Should this gem be snapped up, there are still some other nice pieces of real estate on offer. For instance, there is Petersberg, the government guest house perched on top of a hill on the right bank of the Rhine. It has an interesting history. The Allies used it as their headquarters after the war, and it subsequently became the place where heads of states slept when they came calling on the German government.
This property is not likely to be handed over in a hurry. The Japanese sniffed around it and went away, upon discovering that Petersberg's splendid building comes not only with a glorious view, but also with steep maintenance costs for the serpentine private road that links the summit retreat to civilisation below.
Although the government is bringing 21 national agencies and quangos to Bonn to replace the migrating ministries, 15 per cent of the office space it currently occupies remains up for grabs. Some Bundestag buildings have found new tenants, but the plenary hall where MPs sit remains orphaned. There are plans to convert it into a conference centre. Embassies, legations, and diplomatic residences are also falling under the hammer. Deutsche Telekom is buying the British embassy. The Americans, with a much larger building to dispose of, are finding the task more difficult.
But ambassadors' villas in the leafy streets of Bad Godesberg are selling like hot cakes. "Millionaires from south Cologne are queuing up for these properties," said Klaus Westkamp, the Construction Ministry official co- ordinating the move to Berlin.
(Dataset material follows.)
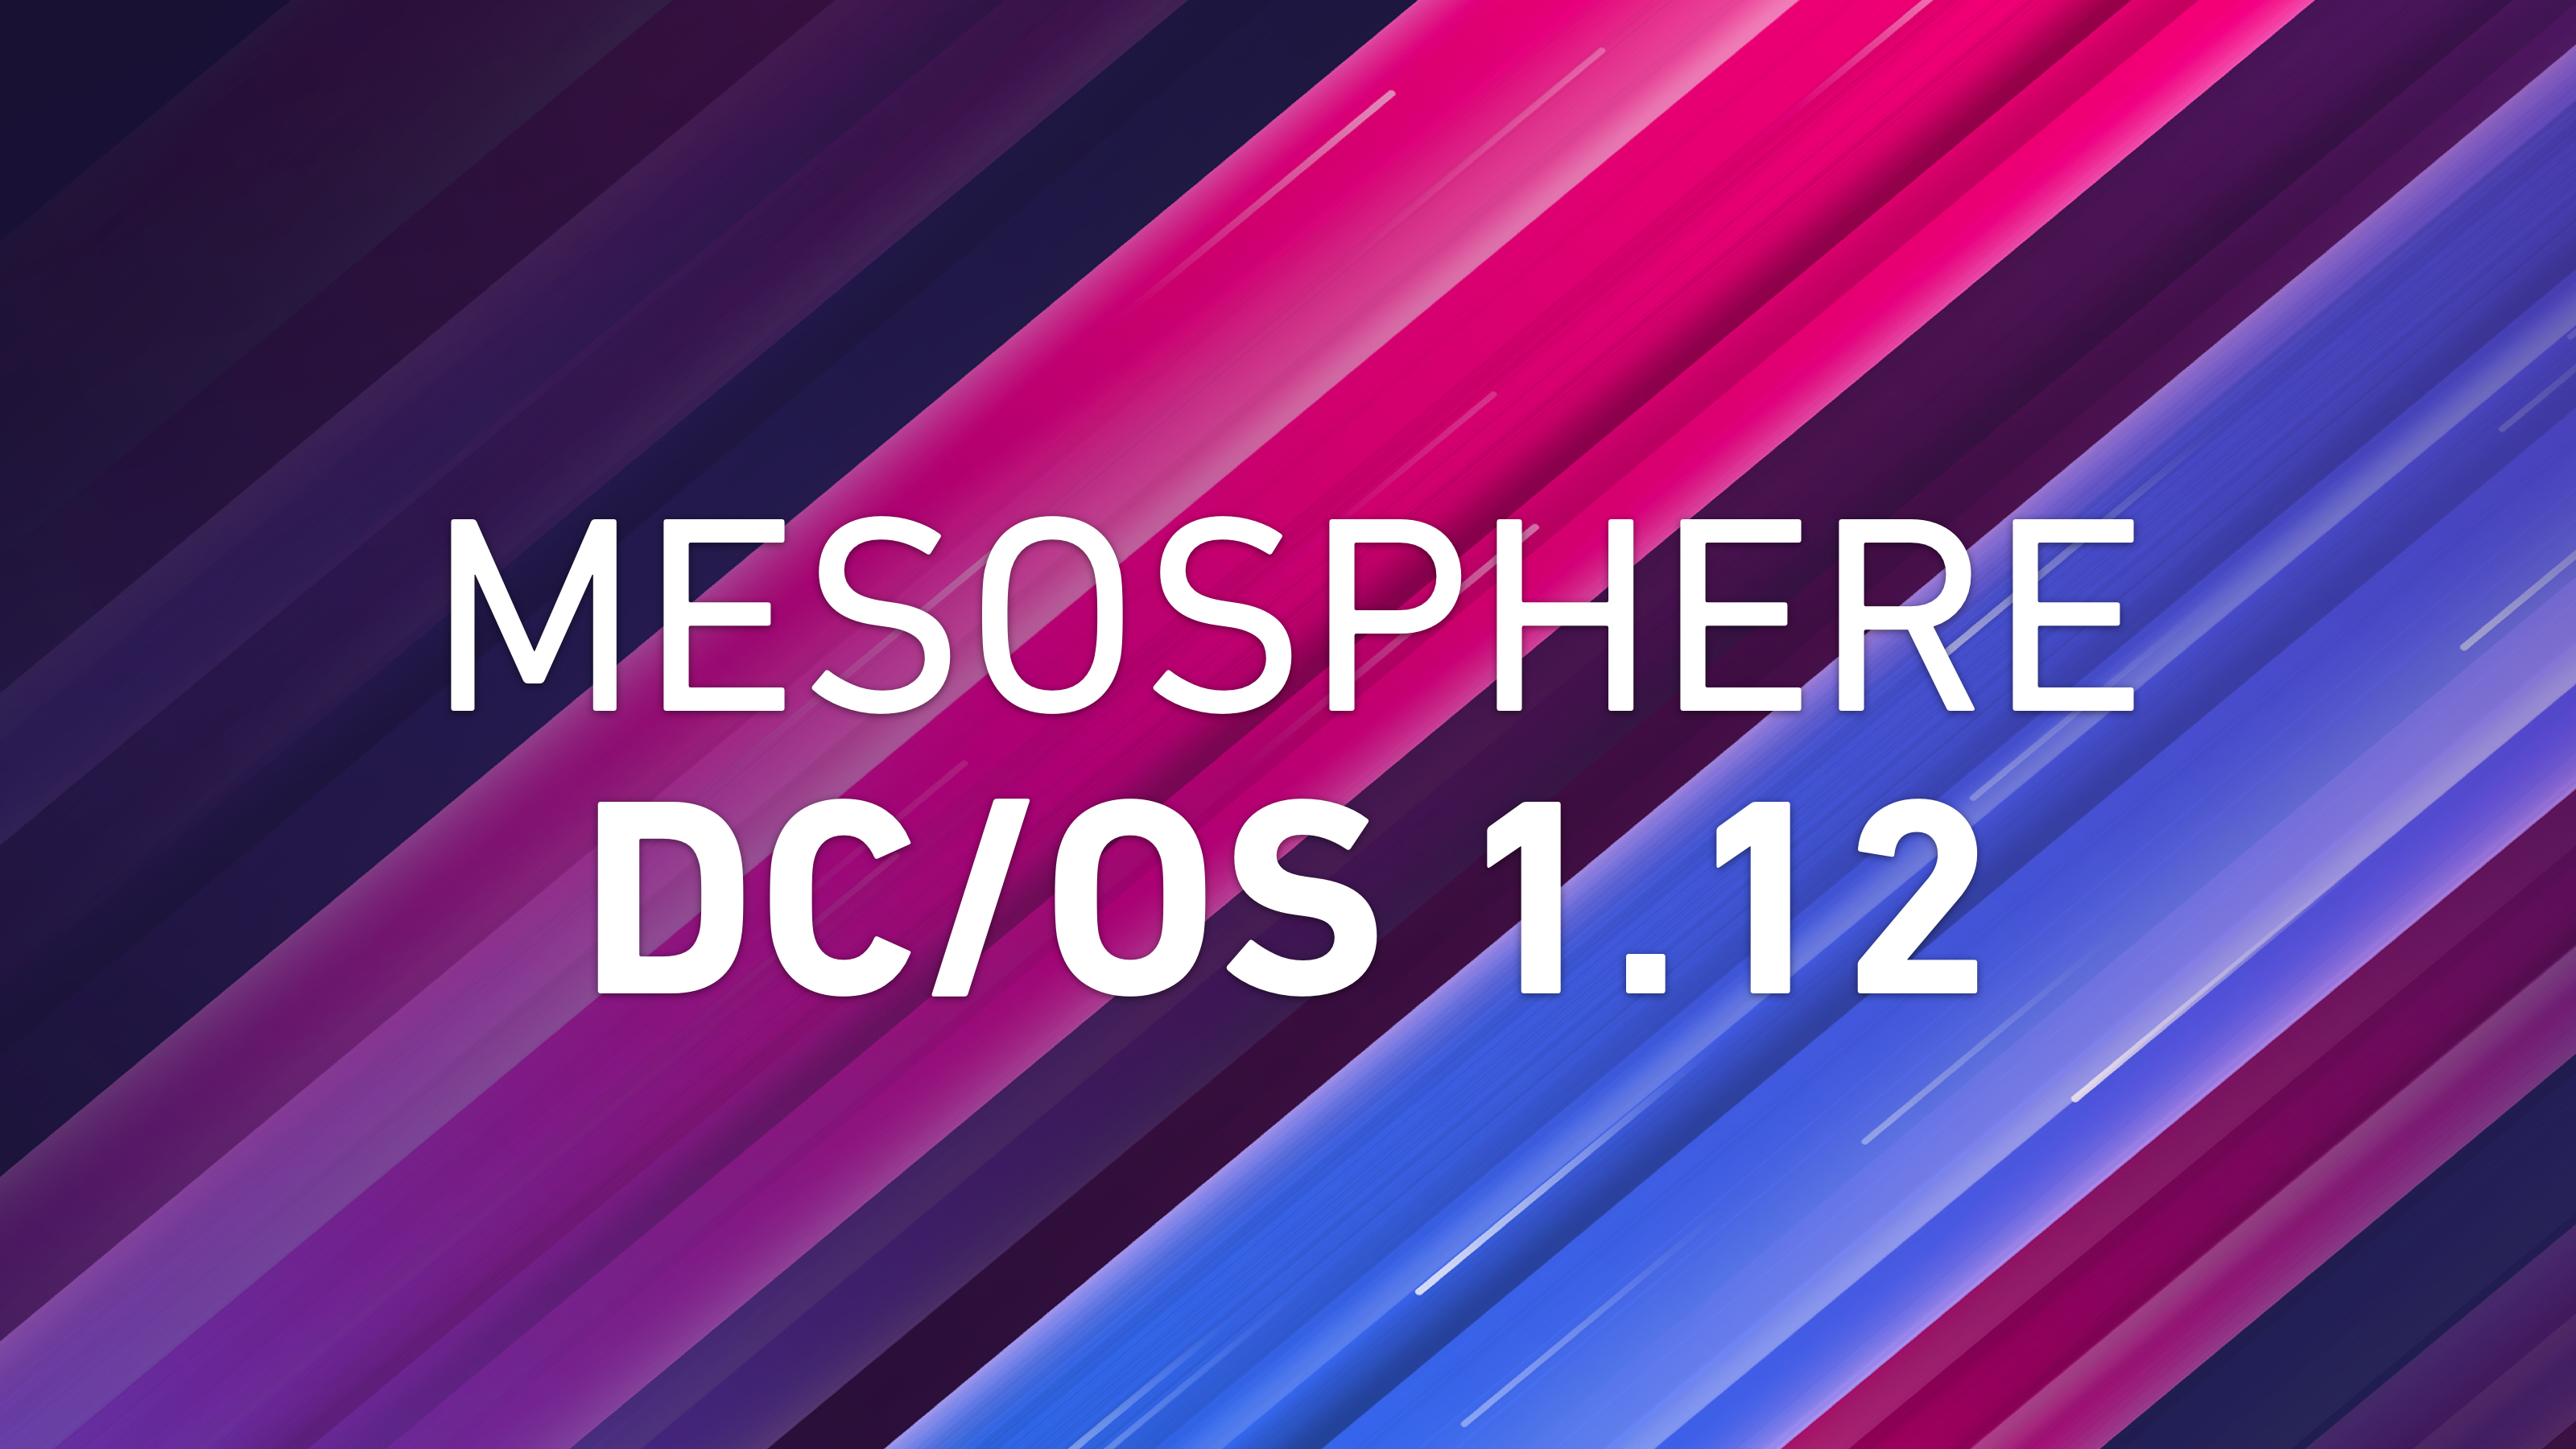 DC/OS 1.12 - Update | D2iQ

In fact, real estate prices in general are stable, indicating confidence in Bonn's future. "There will be no ghost town here," Mr Westkamp predicted. "Bonn is a flourishing city."
That is partly up to the federal government, which is spending a total of DM2.8bn (pounds 1bn) to ease the pain of its departure. For that, Bonn is getting a spur to the Cologne- Frankfurt high-speed rail link that is to be ready by the millennium. The roads are also being upgraded. The main north- south highway, nicknamed "diplomats' race track", will be brought up to Formula 1 standard just as diplomats rev up their engines and head for Berlin next year.
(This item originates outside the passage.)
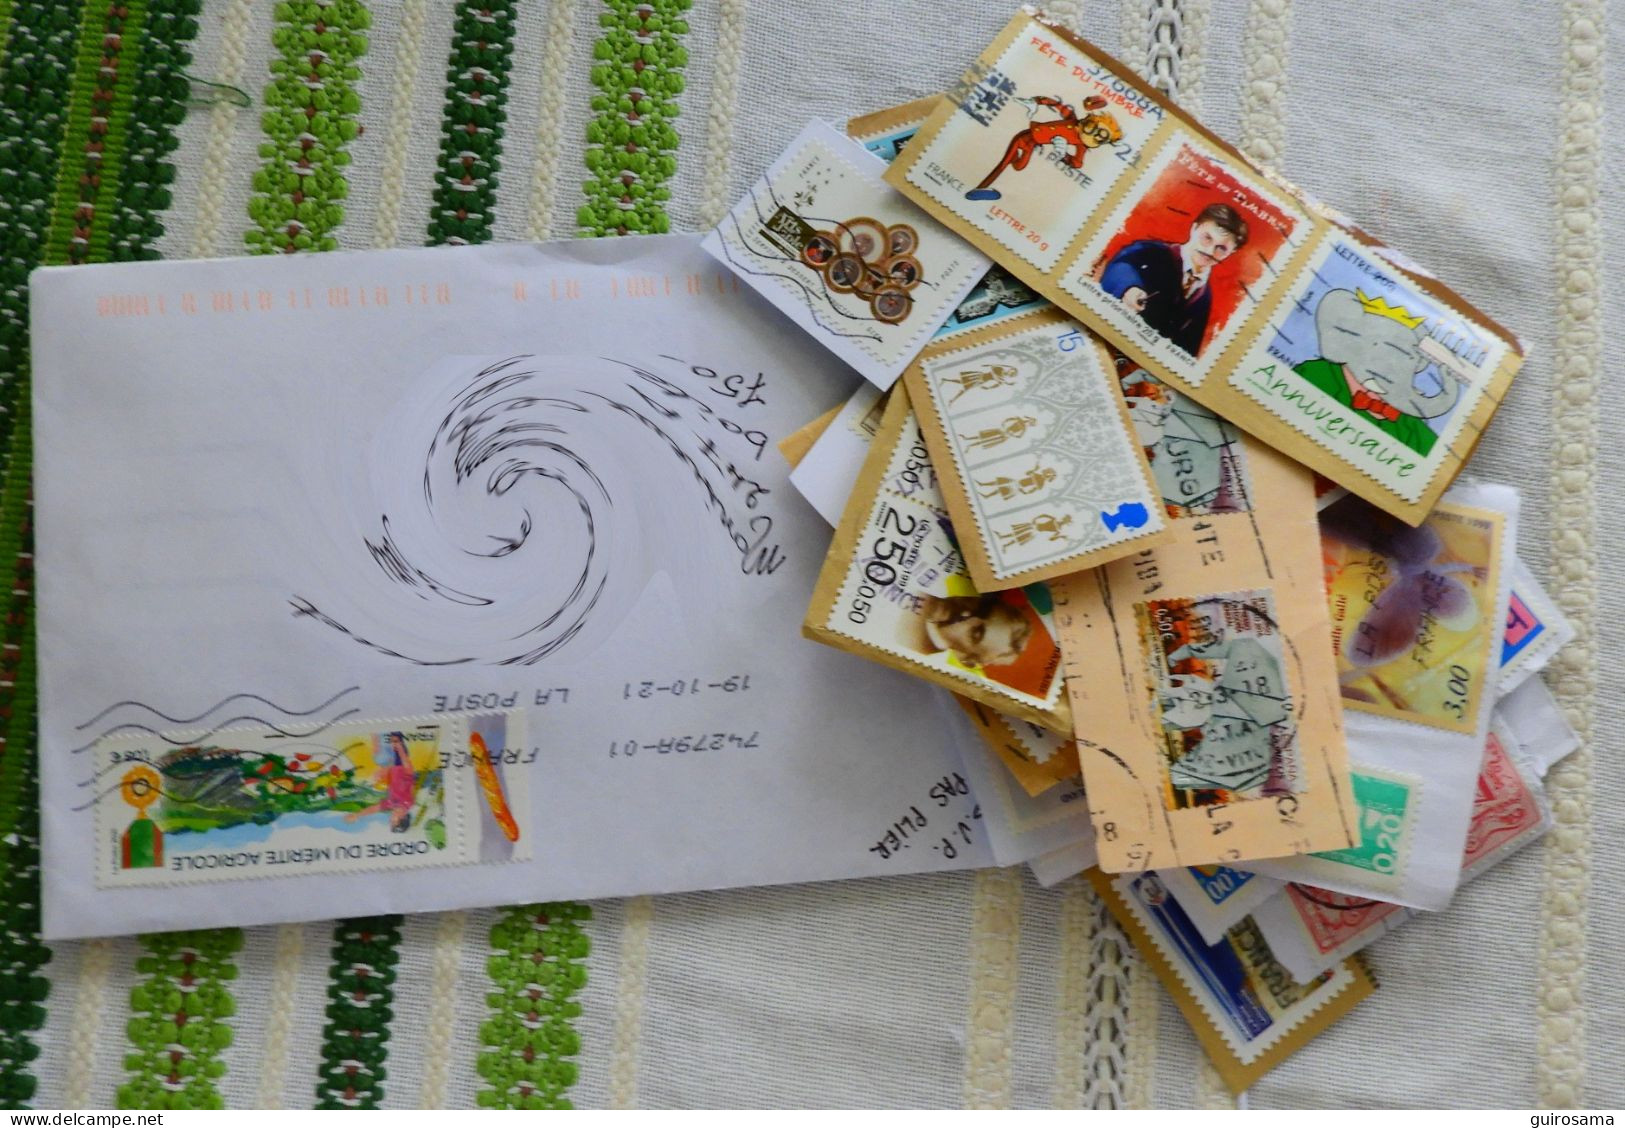 Lot de 230g de timbres oblitérés récents (reçus depuis 2016)

Six ministries, including defence, will stay on, and United Nations agencies are coming to replace the outgoing expense account internationalists. The private sector is also helping out. Telekom was "persuaded" to make Bonn its headquarters when it was still a state-run monopoly. It has created 9,000 jobs, almost making up for the exodus. Money is being thrown at scientific institutions and research centres that want to relocate to the Rhine. Bonners will not go hungry.
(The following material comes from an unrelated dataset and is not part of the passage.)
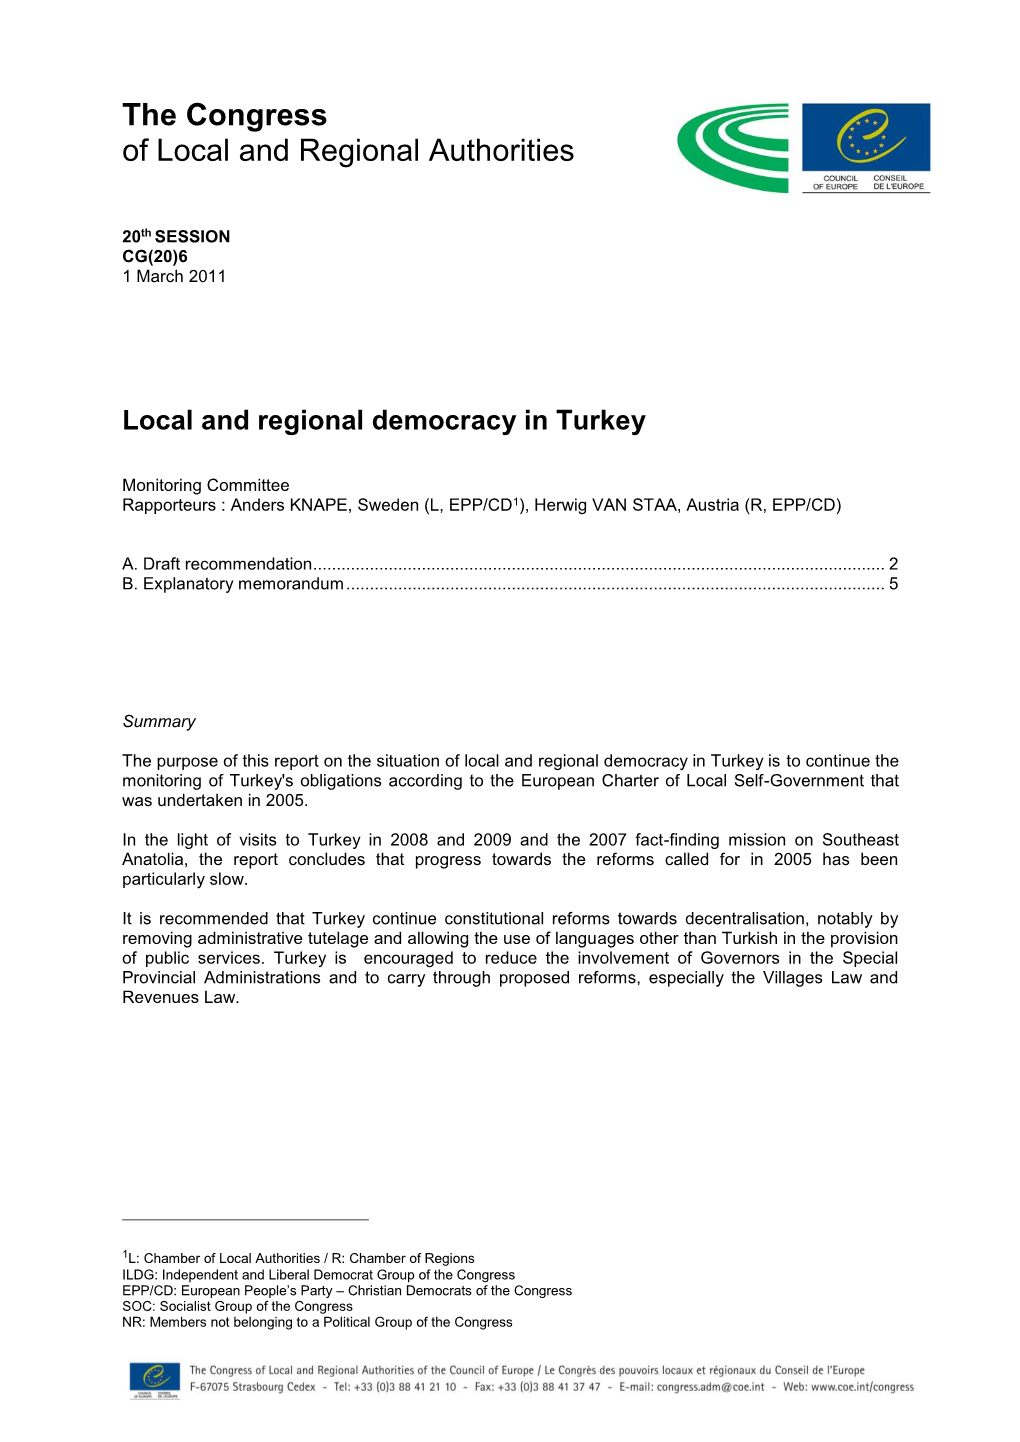 Local and Regional Democracy in Turkey

But as locals settle back into the provincial obscurity to which they are accustomed, material comforts do not seem to offer adequate compensation for their diminished status. Bitterness with the way their town of 300,000 was shafted by the Berlin lobby still rankles, seven years after the Bundestag took that fateful decision.
"We think we were a very good capital," sighed Mayor Barbel Dieckmann. "It was from here that the state was built; a state with a stable democracy that fostered world peace." Unlike Berlin, she might add.
"Bonn will be a different city in the future," she said. "It will be less in the focus of world politics. But a city does not disappear from the world just be- cause it is not a capital. It can still be a metropolis. Just look at Zurich."